Another difference is the ability of scientists to collect data from within the storm itself. One tool they use is the "dropwindsonde," an instrument dropped from an airplane and used to measure wind speed, air pressure and humidity within the storm. The data from satellites, dropwindsonde, and other sources are fed into powerful computers that use mathematical models to simulate a storm's development. Forecasters then study the computer's output to plot a hurricane's expected path.

Canadian technology has contributed the RADARSAT, a satellite that orbits the Earth bouncing radar signals off the surface of the planet. For a hurricane that's not yet over land, it can create a high-resolution picture of the sea surface, penetrating cloud cover, which picture-taking optical satellites can't do.

The end result is that progress is being made: The average tracking error has been halved since the 1970s when a typical three-day forecast would be off by 650 to 720 km; that error is now between 325 and 400 km.

"We've made significant improvements," says Dan Petersen, a meteorologist with the U.S. National Weather Service in Silver Spring, Md. "The average track errors have improved."

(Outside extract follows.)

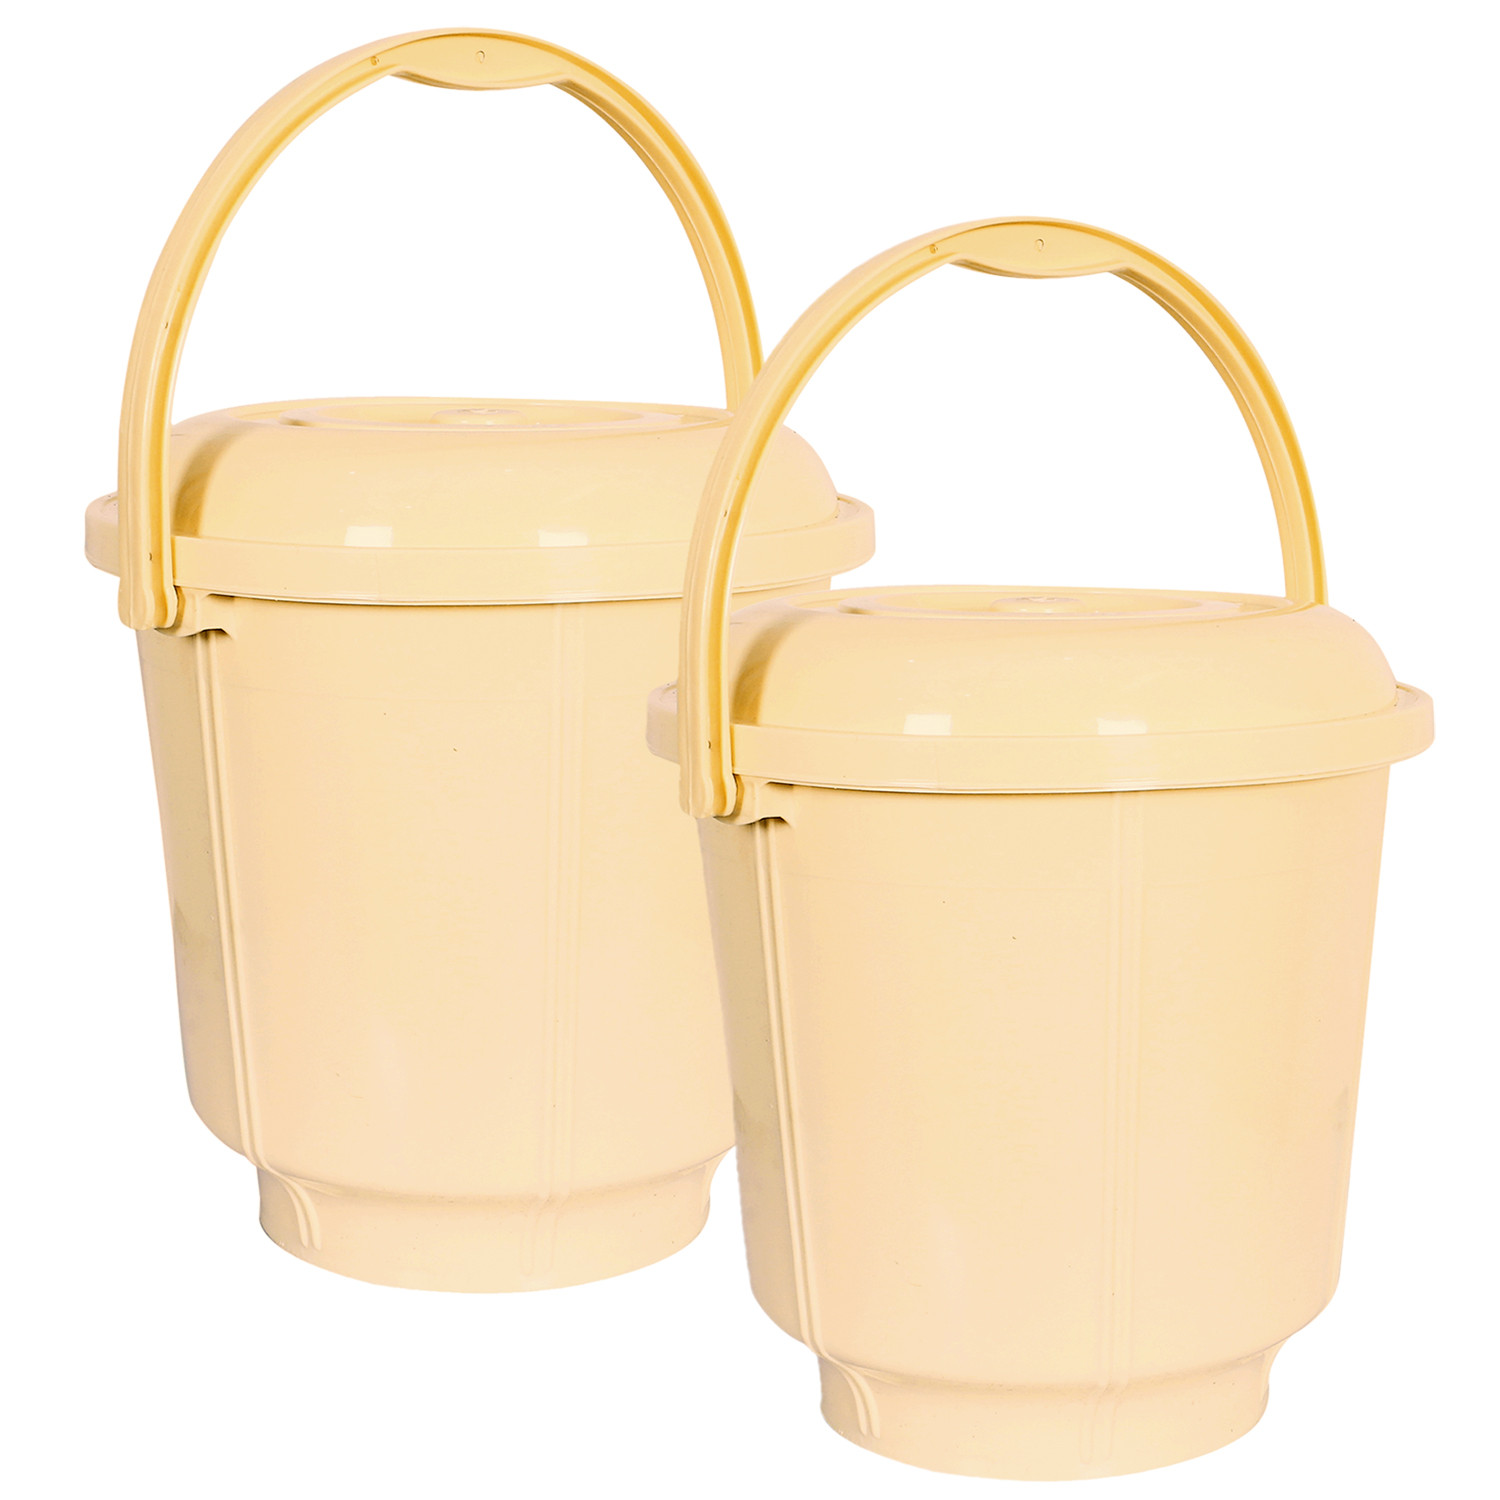 Kuber Industries Unbreakable Plastic Durable & Lightweight Strong Bathroom Bucket With Lid And Handle,13 Ltr.(Cream)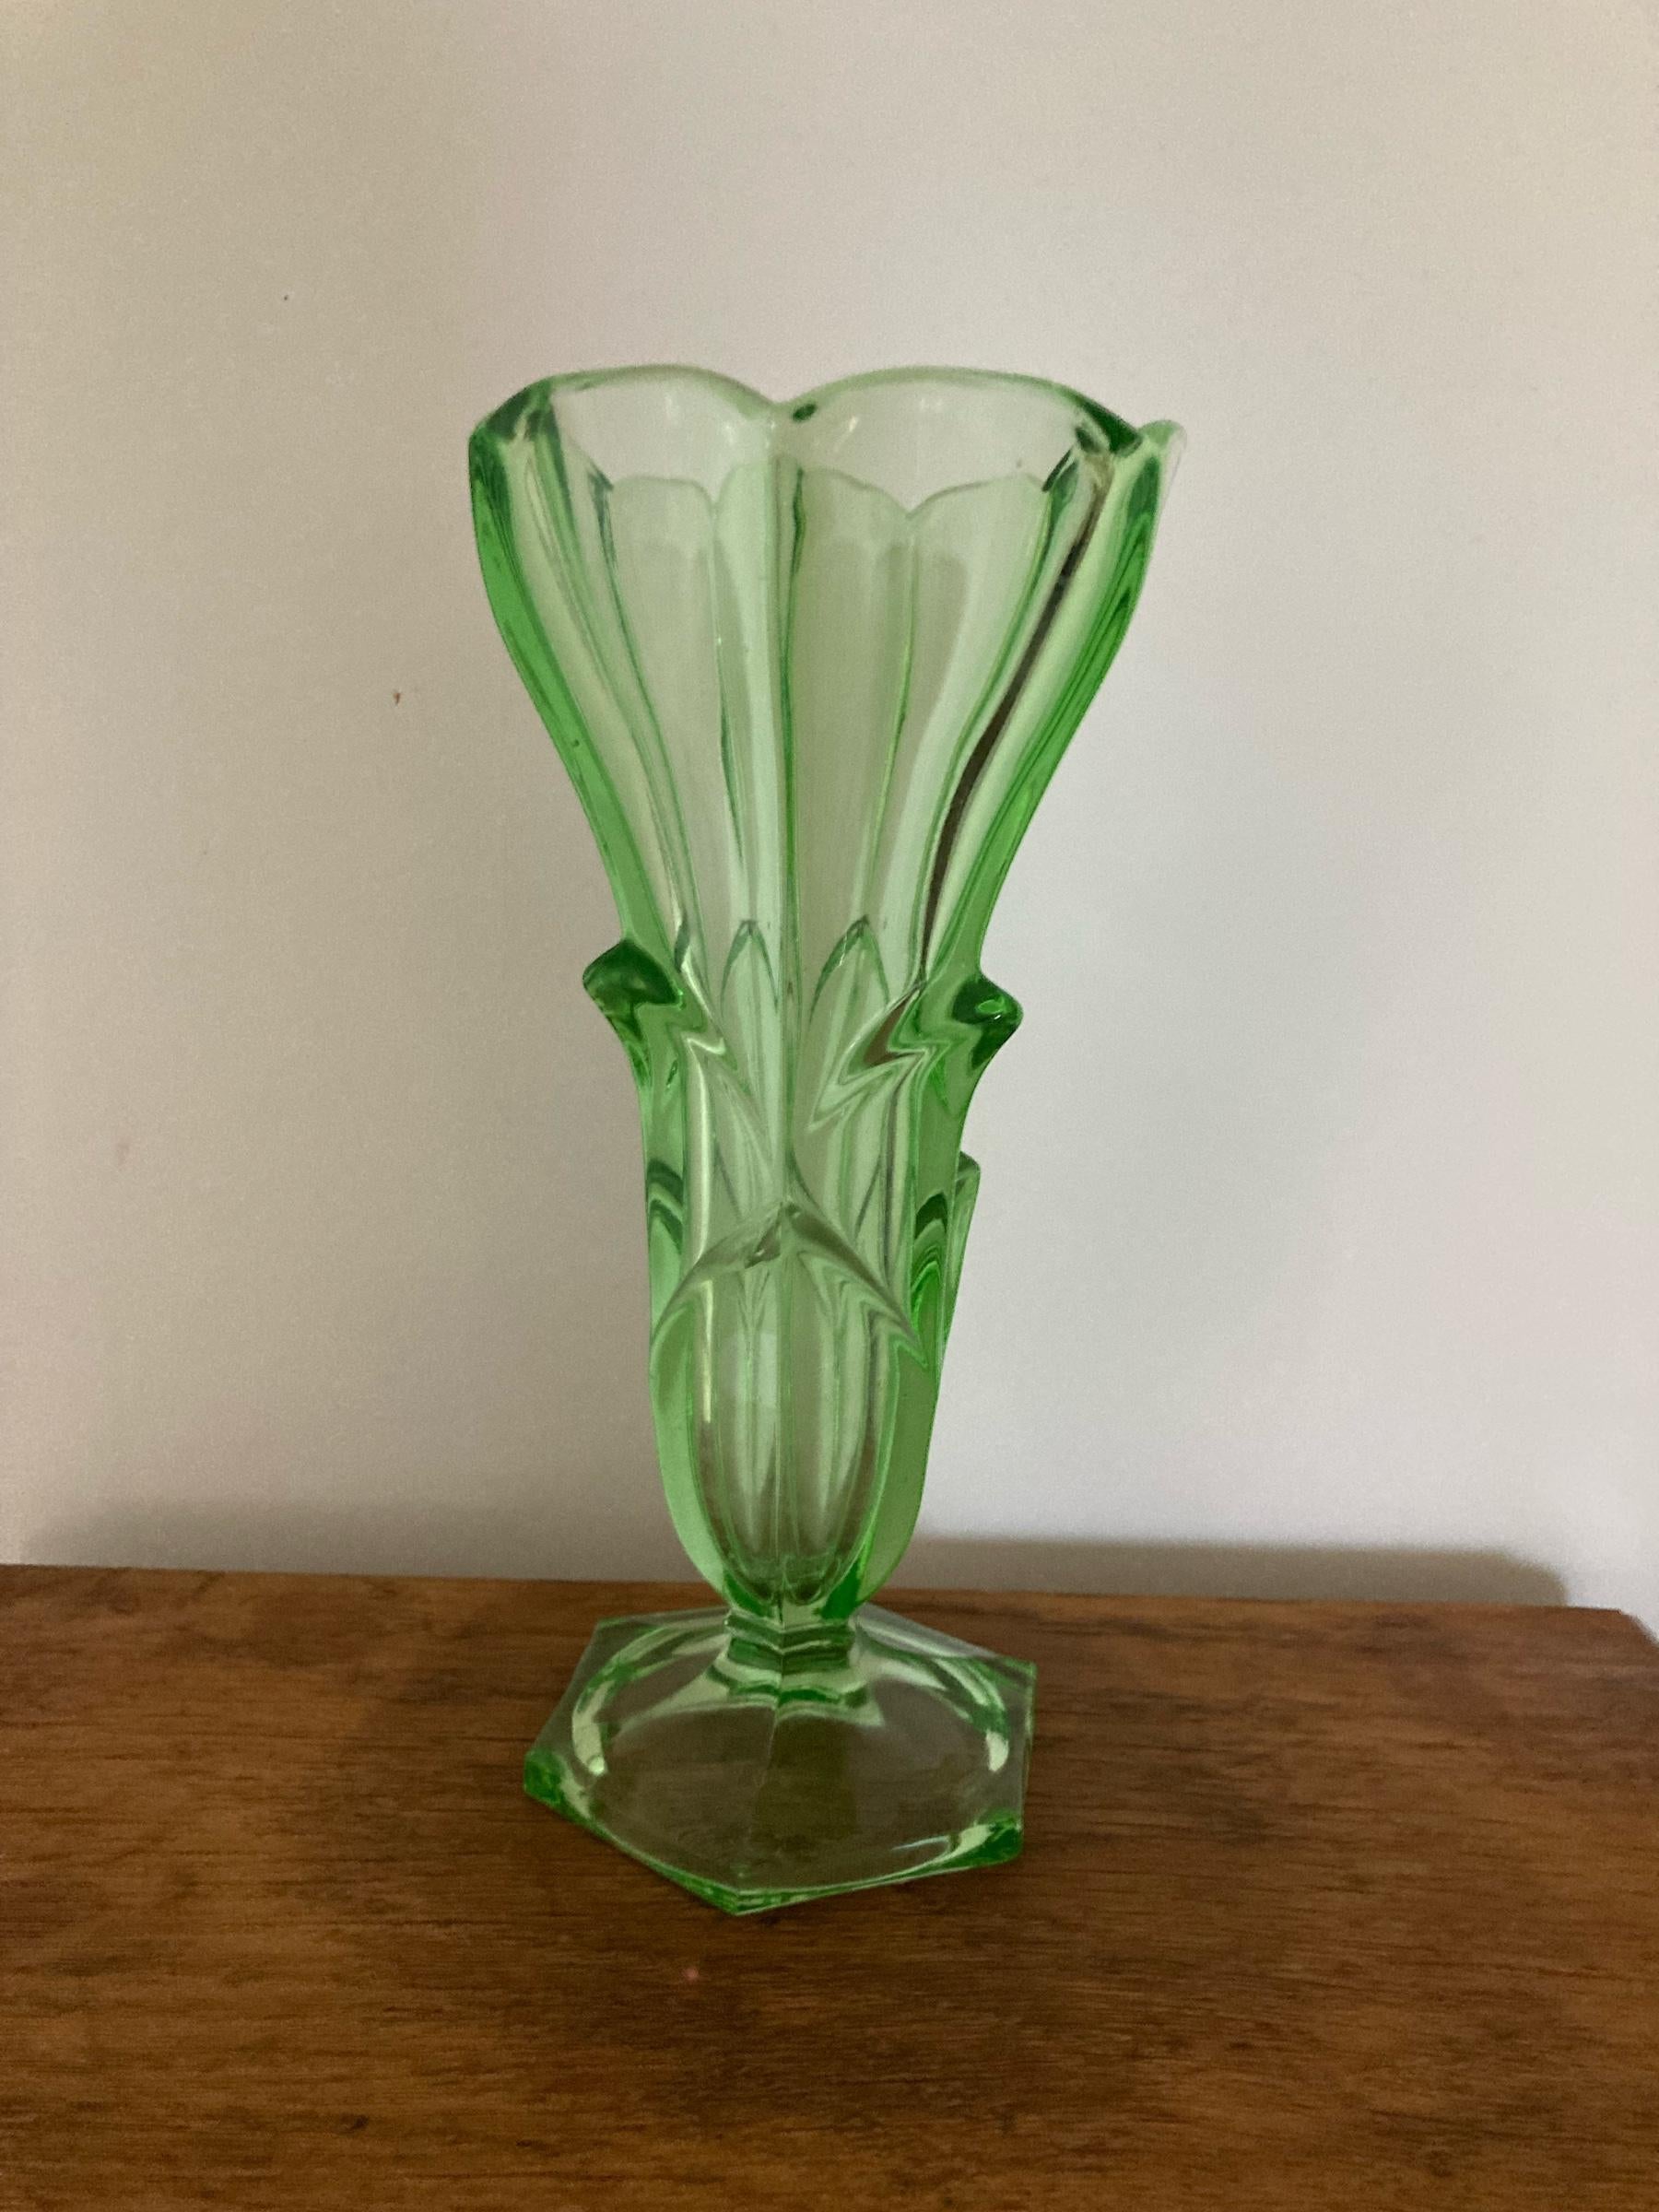 An exquisite green uranium glass vase with a captivating flower design In Excellent Condition For Sale In Bishop's Stortford, GB

But that's only half the battle, he says. Because of the dramatic rise in population along coastal areas (and in South Florida in particular), the region needs earlier warnings than in the past. "Our population has increased so much along our coastline that it takes people longer to leave if they have to evacuate. And so they need longer lead times in order to make a decision, or to leave the area."

Global climate and the future

While tropical storms seem to follow certain natural cycles, scientists are concerned about the effects of global warming and long-term climate change. On Sept. 15, 1999, the United Nations issued a report predicting that global warning will cause more frequent and more severe tropical storms, floods and tornadoes in the coming century.

"We do know that hurricane intensity is directly correlated to how warm the ocean waters are," says Petersen. "And if global warming continues to occur, and this results in warmer water temperatures, then we'll see an undeniable signal of stronger hurricanes."

But scientists have a difficult time disentangling the effects of man's activity from the various natural cycles also known to be present.

For example, when there's an El Nino — with warm surface waters building up in the eastern Pacific Ocean — high-altitude wind patterns are affected, and the number of Atlantic storms is low. Hurricane formation is also linked to wind patterns in the stratosphere, ocean temperatures in different regions, and rainfall in West Africa.